Undercover agents scattered through the outdoor lines for the White House tour on Friday to prevent a recurrence of the previous day’s sit-in. For better than four hours, through lunch, President Johnson sat in the Cabinet Room flanked by Katzenbach and Vice President Humphrey, listening to stories about voting rights from more than three dozen men—a few young activists* and a delegation of clergy from a mammoth ecumenical assembly convened by the Commission on Religion and Race. Many had been to Selma, including Rev. Joseph Ellwanger of the white Alabamian’s march and Rev. Robert Spike from the “turnaround” march on Tuesday. The President took notes. His joke fell flat when he remarked that the picket lines outside were “violatin’ my civil rights” by keeping his daughters from doing their homework, and the audience grew restless when Humphrey recited all the past achievements for which Johnson deserved credit. “Why has it taken so long for you to send a voting rights bill to Congress?” Episcopal Bishop Paul Moore asked bluntly. Stung, Johnson said it was not easy to fashion a constitutional bill that would pass a Congress dominated by hostile Southern committee chairmen, and also deliver the franchise effectively to five million Negroes where all previous measures had failed. When Spike and his delegation returned to the Lutheran Church of the Reformation on Capitol Hill, where the CORR’s nationwide convocation of three thousand clergy itself made front-page news, their reports of impatience with Johnson drew cheers, but descriptions of an “anguished” President received skeptical comments about an LBJ “snow job.”

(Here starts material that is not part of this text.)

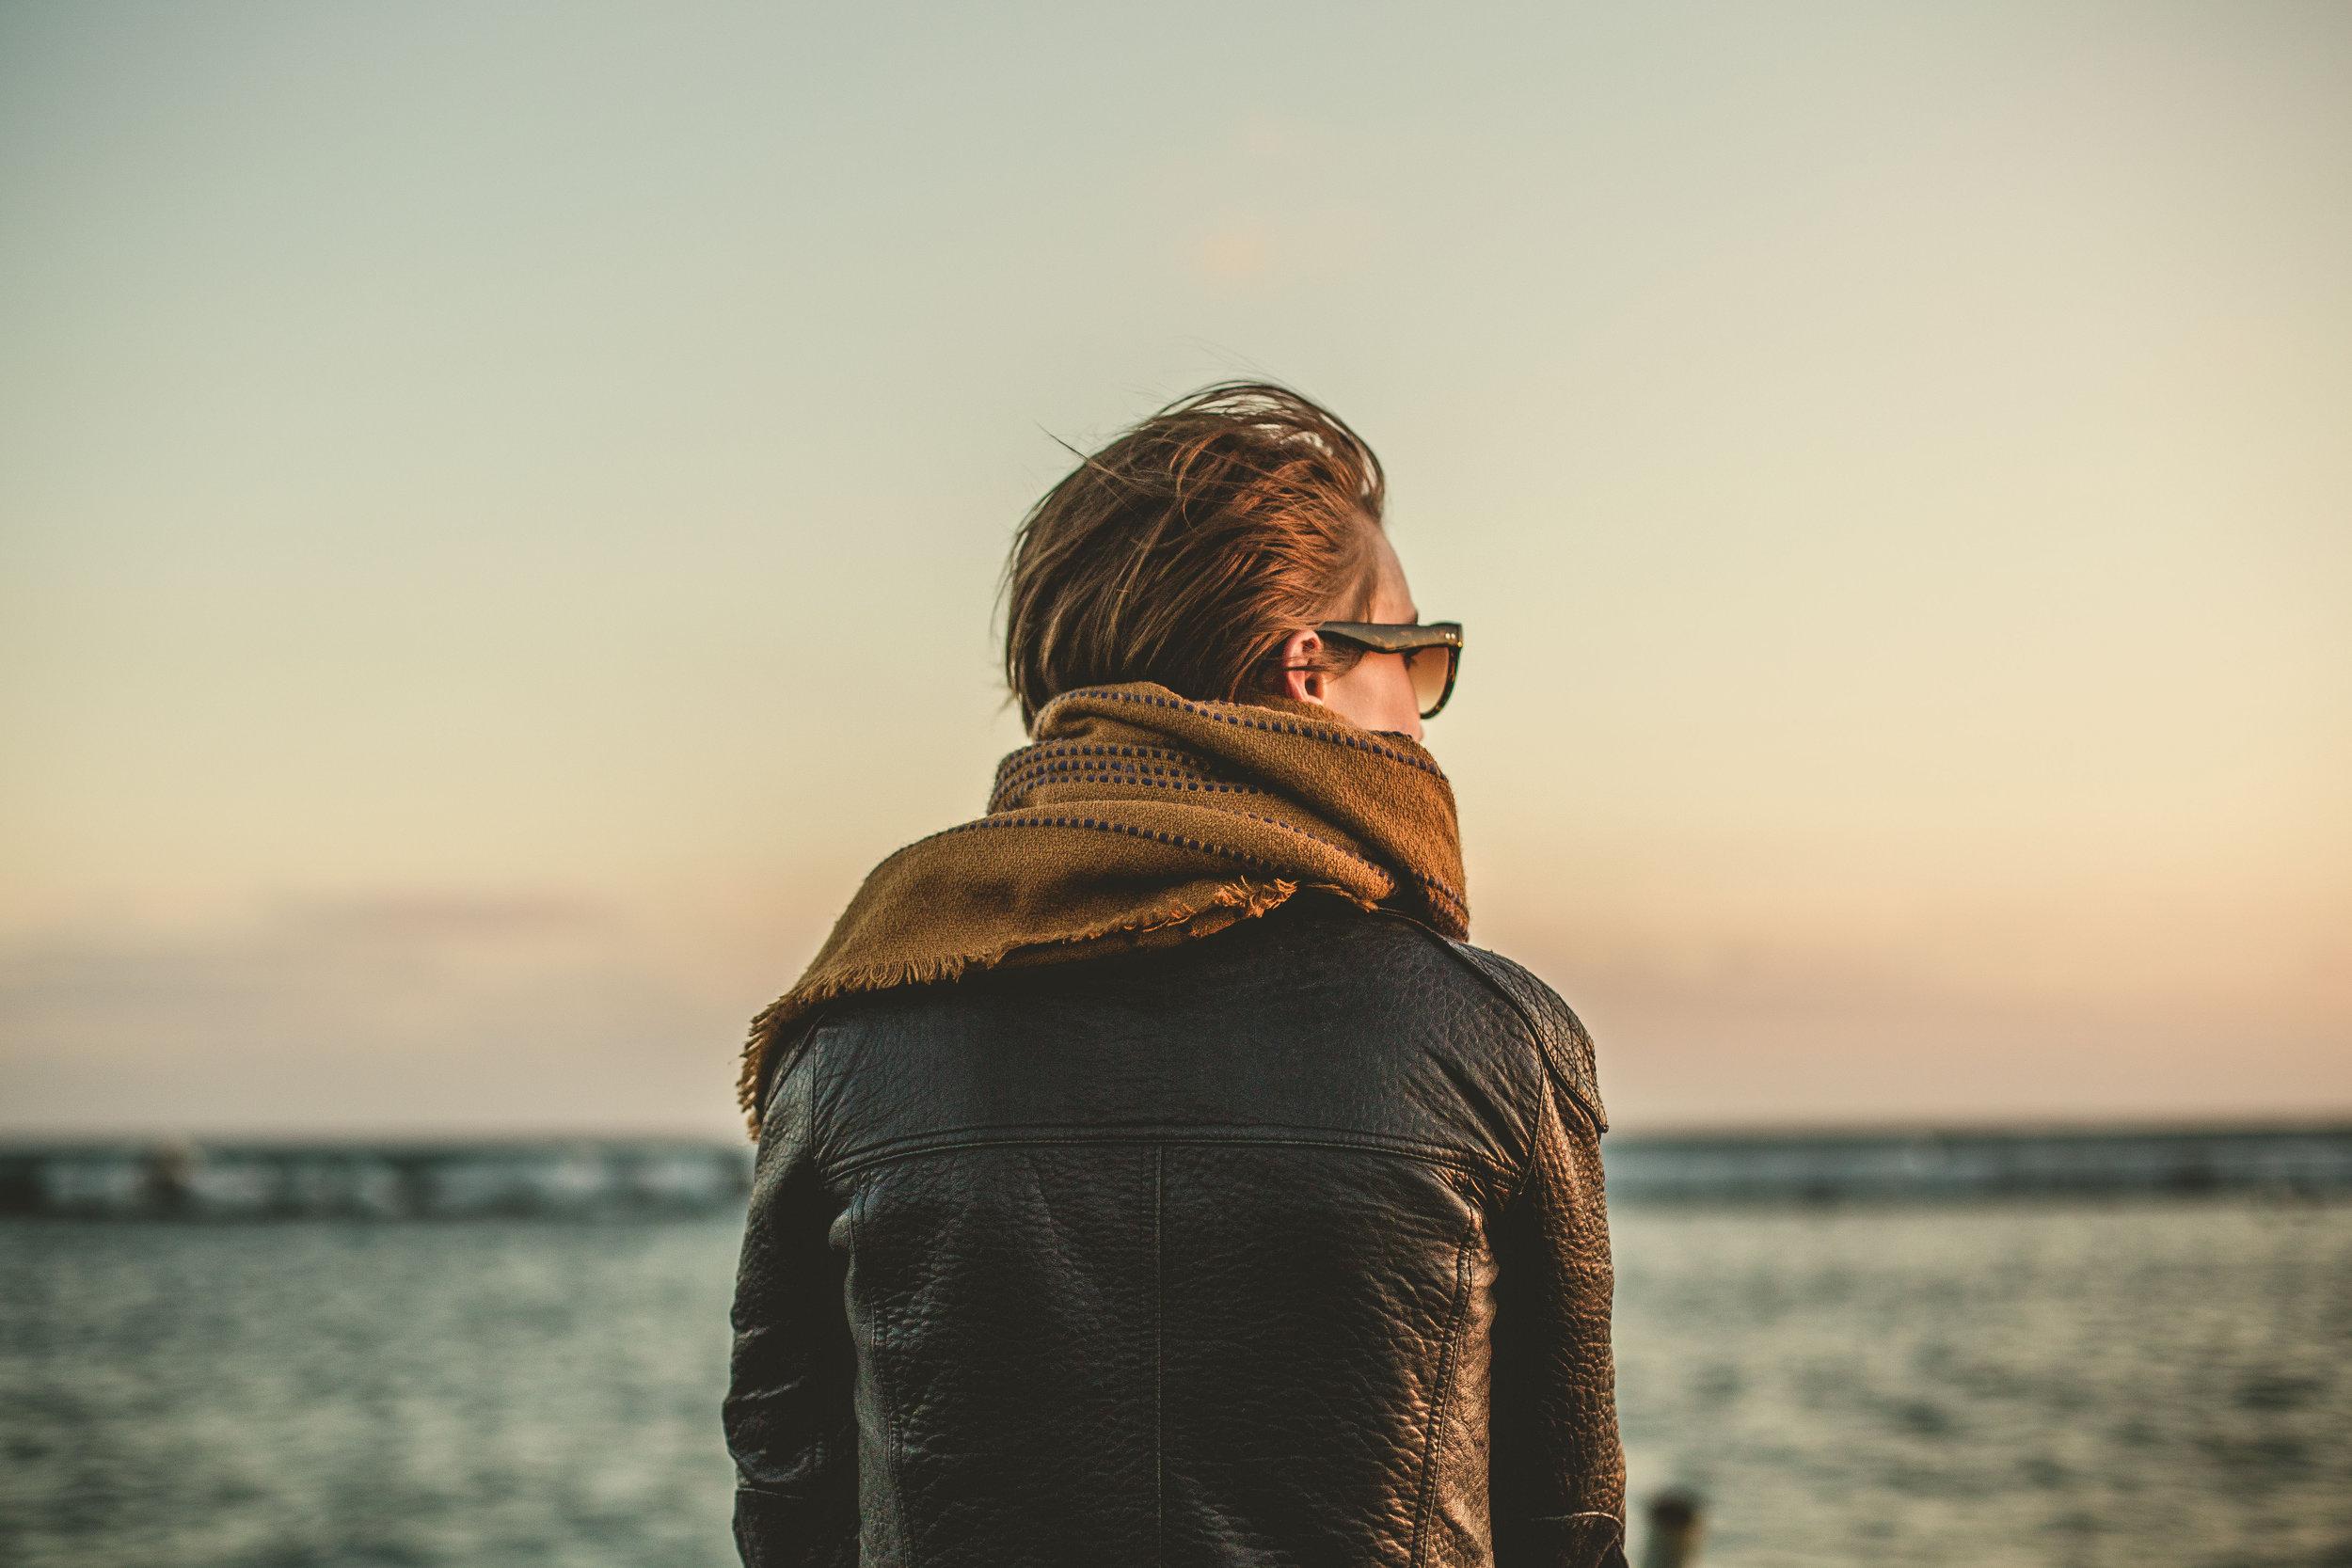 Lotus Therapies|Cumming, GA|Parenting|Divorce Recovery|Individual Counseling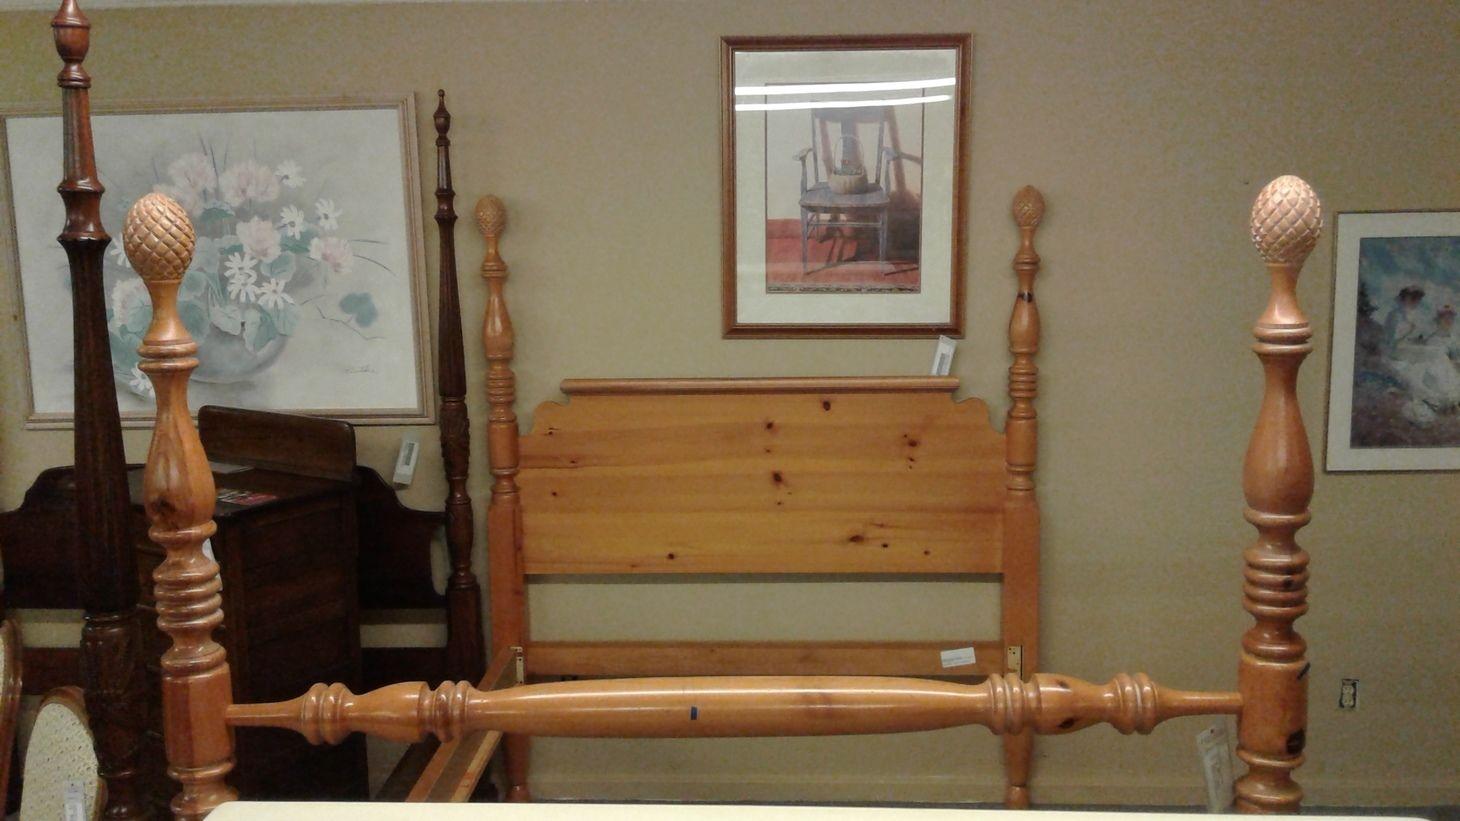 PINEAPPLE POST QUEEN BED Delmarva Furniture Consignment

Back in the Oval Office, Johnson called for his dog Blanco but found him sick from a rabies shot. To stimulate interest in an upbeat topic, he took Laurence Rockefeller of the White House Conference on Natural Beauty down to the press room—only to find that nearly all the reporters had rushed outside to watch officers haul away two dozen demonstrators who had been rooted out of the tour line but now sat in Pennsylvania Avenue during rush hour, plus a handful of white women who had slipped through the northwest gate to lie facedown on the White House driveway. Johnson told the remaining journalists they could ask Rockefeller anything they wanted, but got few takers. When one of them mentioned that Governor Wallace reportedly was asking to see him, Johnson pounced. Even before the telegram from Alabama was received, his staff arranged and announced a summit conference for the next morning.